ADENOVIRUS GENERAL DESCRIPTION:
Adenoviruses are non-enveloped, icosahedral, viruses with a linear, double-stranded DNA genome of
approximately 36kb with a lytic infection cycle. There are 57 immunologically distinct types of adenovirus
that can cause human infection. Recombinant adenoviruses used for biomedical research are primarily
based on Adenovirus 5.
HERPES VIRUS GENERAL DESCRIPTION:
Herpes Simplex Virus (Types I and II) are icosahedral, lipid enveloped, double-stranded linear DNA viruses
approximately 110- 200nm in diameter. HSV types I and II can be differentiated immunologically. HSV-I is
herpes gingivostomatitis; whereas HSV-II is herpes genitalis, or genital herpes. HSV-derived vectors are
unique in that the vectors have a wide host range and cell tropism in dividing and non-dividing cells, and are
able to infect almost every cell type in most vertebrates.
3. COSMIDS:
A cosmid is a plasmid that contain phage sequence that allows the vector to be packaged and transmitted to
bacteria like phage vector.
A cosmid, first described by Collins and Hohn in 1978, is a type of hybrid plasmid with a bacterial "ori"
sequence and a "cos" sequences derived from the lambda phage. Cos site is the sequence required by
a DNA molecule in order to be recognized as a "2 genome' by the proteins that package DNA into 2
phage particles.
Cosmid DNA containing particles are as transmittable as real λ phages, but once inside the cell, the
cosmid cannot control synthesis of new phage particles and instead replicates as a plasmid.
Recombinant DNA is therefore obtained from colonies rather than plaques. They frequently also contain
a gene for selection such as antibiotic resistance.
They are able to load 37 to 52 kb of DNA, while normal plasmids are able to carry only 126 kb.
Sometimes helper phage is used to assist in packaging of cosmid inside phage. Helper phage provides
the essential proteins required for packaging which are lacked by cosmid vector.

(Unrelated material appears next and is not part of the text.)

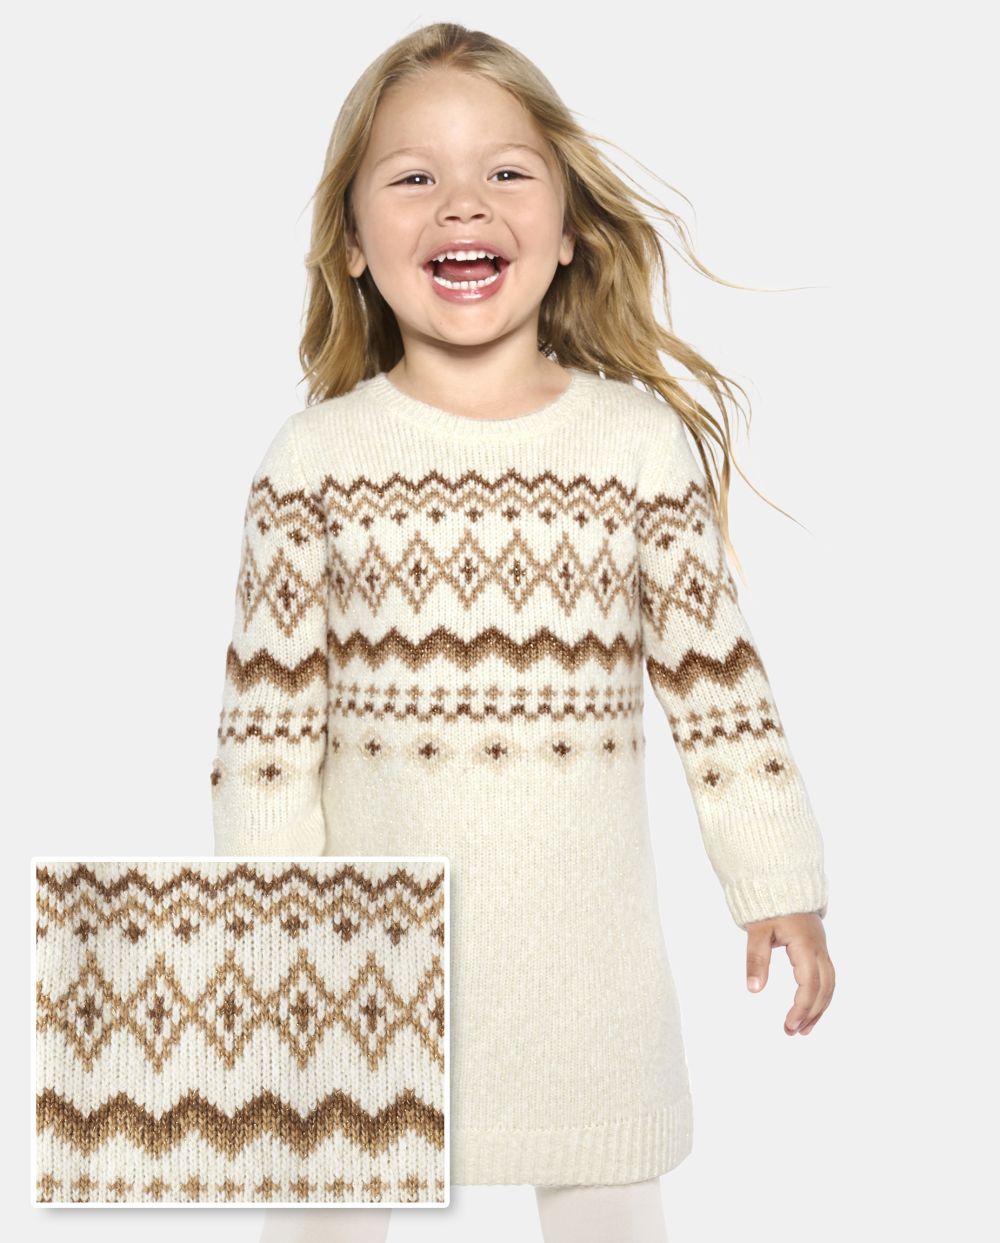 Tall Toddler Baby Long Sleeves Crew Neck Sweater Above the Knee Dress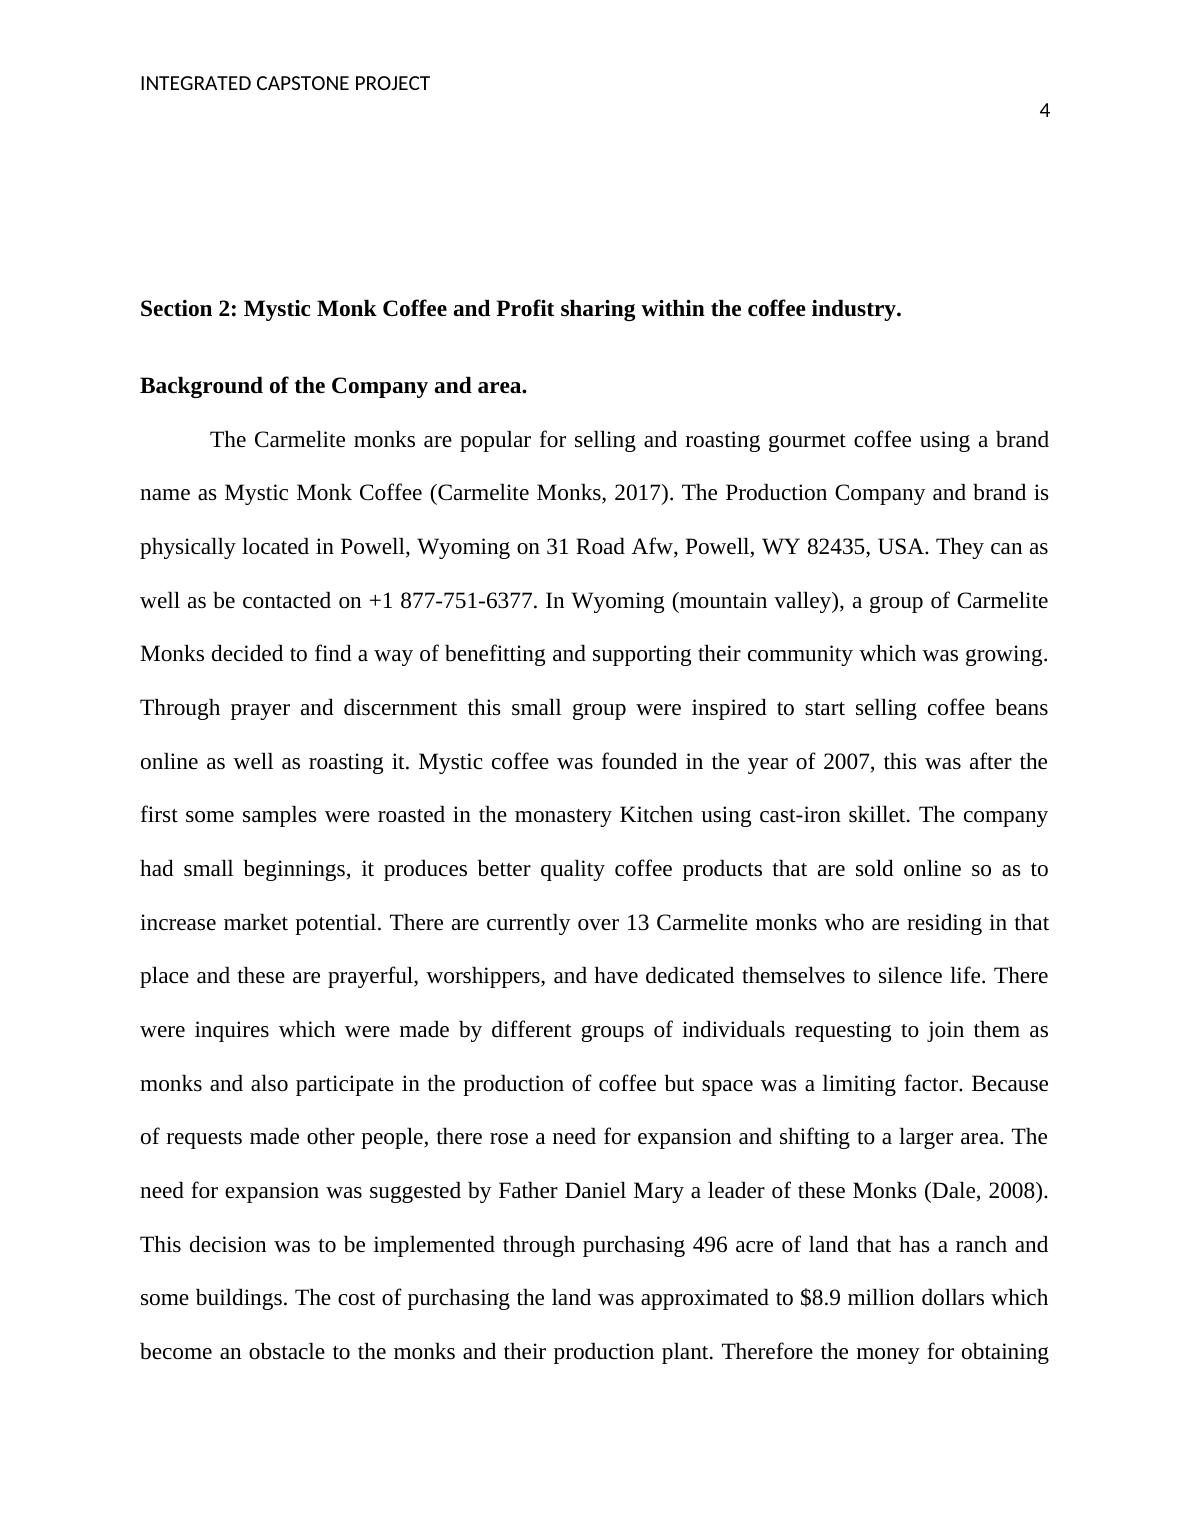 Integrated Capstone Project Assignment PDF_4

For packaging into a phage, concatemer formation is required (cosmid-insert- cosmid).
This is generated by using two cos sites flanked by the insertion site for foreign DNA. Providing the
inserted DNA in the right size, in vitro packaging cleaves the cos sites and replaces the recombinant
cosmids in mature phage particles.

Figure 1. Outline of procedures used in cloning with a cosmid vector. This vector contains a cos site, a restriction site for inserting exogenous DNA, and a gene for ampicillin resistance.
Exogenous DNA is cut with an appropriate restriction enzyme, as is the vector. The vector and exogenous DNA are ligated together, producing a recombinant molecule of 37–52 kb that
can be packaged in λ by in vitro packaging. The packaged vector infects E. coli, injecting its DNA into the host, where it circularizes and multiplies. Escherichia coli cells that receive the
cosmid are distinguished from cells that are not infected by their ability to survive on media containing ampicillin.
4. Artificial Chromosomes:
• Artificial chromosomes are DNA molecules assembled in vitro from defined constituents,which
guarantee stable maintenance of large DNA fragments with the properties of natural chromosomes.
• Artificial chromosomes are useful for genome sequencing programmes, for functional characterization
of entire genomic regions and for the transduction of large DNA segments into human and nonhuman
mammalian cells. Types: BAC, YAC, PAC, HAC
Bacterial artificial chromosome:
A bacterial artificial chromosome (BAC) is an engineered DNA molecule used to clone DNA sequences in
bacterial cells (for example, E. coli). BACs are often used in connection with DNA sequencing. Segments of an
organism's DNA, ranging from 100,000 to about 300,000 base pairs, can be inserted into BACs. The BACs,
with their inserted DNA, are then taken up by bacterial cells. As the bacterial cells grow and divide, they
amplify the BAC DNA, which can then be isolated and used in sequencing DNA.
A large piece of DNA can be engineered in a fashion that allows it be propagated as a circular artificial
chromosome in bacteria--so-called bacterial artificial chromosome, or BAC. Each BAC is a DNA clone
containing roughly 100 to 300 thousand base pairs of cloned DNA. Because the BAC is much smaller than the
endogenous bacterial chromosome, it is straightforward to purify the BAC DNA away from the rest of the
bacteria cell's DNA, and thus have the cloned DNA in a purified form. This and other powerful features of
BACs have made them extremely useful for mapping and sequencing
mammalian genomes.
Applications of BAC:

Contribution to models of disease: Inherited disease
• BACS are now being utilized
in modeling geneticdiseases, often
alongside transgenic mice.
• BACS have been useful in
this field as complexgenes may have

several regulatory sequences upstream of the encoding
sequence, including various promoter sequences that
will govern a gene's expression level.
BACS have been used to study neurological diseases
such as Alzheimer's disease or as in the case of
aneuploidy associated with Down syndrome. There
have also been instances when they have been used to
study specific oncogenes associated with cancers.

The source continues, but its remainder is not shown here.